On March 19, 1897, the Maine legislature passed a bill requiring hunting guides to register with the state. Maine registered 1,316 guides in that first year. The honor of receiving the first Maine guiding license went to Cornilia Thurza Crosby, or “Fly Rod”, as she was affectionately known to friends across the country.
According to maineguides.com, Crosby first discovered her love for the wilderness when, on the advice of her doctor, she left her job in a bank to seek “a large dose of the outdoors.” This prescription brought her to Rangeley, where she found work housekeeping in some of the large hotels in the area. She became friends with the local guides, and from them she learned the lore of the woods and the pleasures of camping, hunting and fishing.
In 1886 a friend presented Cornilia with a five-ounce bamboo rod. It is told that she became so adept at fly-fishing that she once landed 200 trout in one day. She began to write up accounts of her fishing adventures and submitted them, under the name “Fly Rod,” to O.M. Moore, editor of the Phillips Phonograph. “That’s mighty good stuff!” responded Moore. “Send some more right away” “Fly Rod’s Notebook” became a widely syndicated column appearing in newspapers in New York, Boston and Chicago, and the new name stuck.

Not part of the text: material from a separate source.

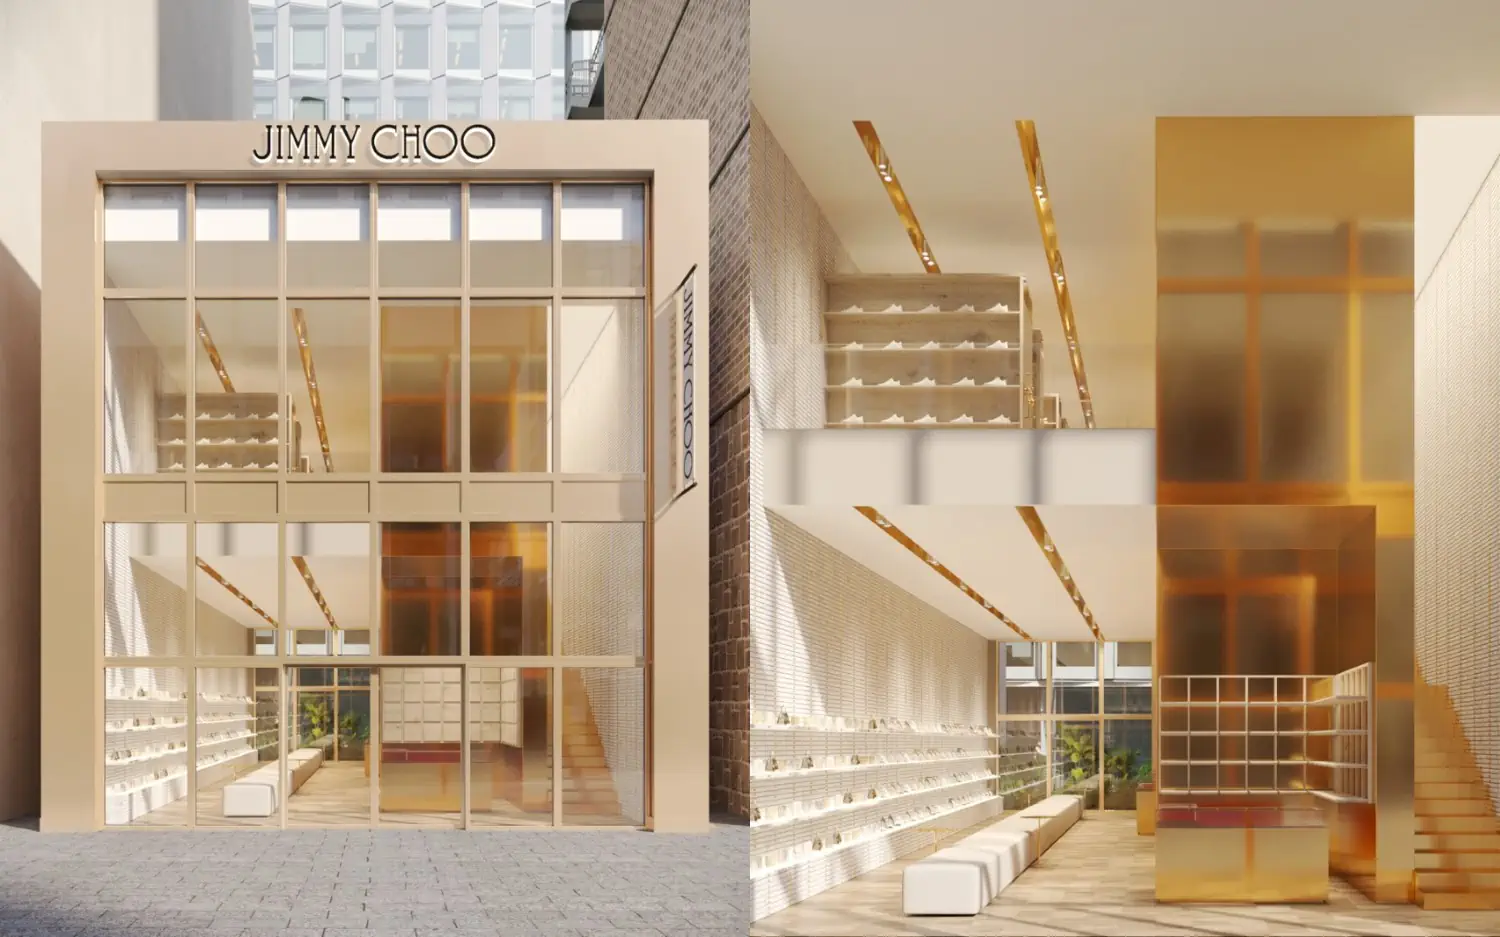 Jimmy Choo opens the largest store in Japan in the Tokyo's Ginza district

Although she shot the last legal caribou buck in the state of Maine, “Fly Rod” Crosby’s most remarkable and enduring contribution to her native state happened far from the North Woods. In addition to being its first licensed guide, she was Maine’s first public-relations genius. She arranged an elaborate hunting display at the first Sportsmen’s Show in New York’s Madison Square Garden, starring herself, rifle in hand and wearing a daring, knee-length doeskin skirt.
Her sensational appearance at the Sportsmen’s Show, together with the popularity of her column, helped to attract thousands of eager would-be outdoorsmen–and women–to the woods and streams of Maine.
Several books have been written about Crosby, including a children’s book and a historical account of her life.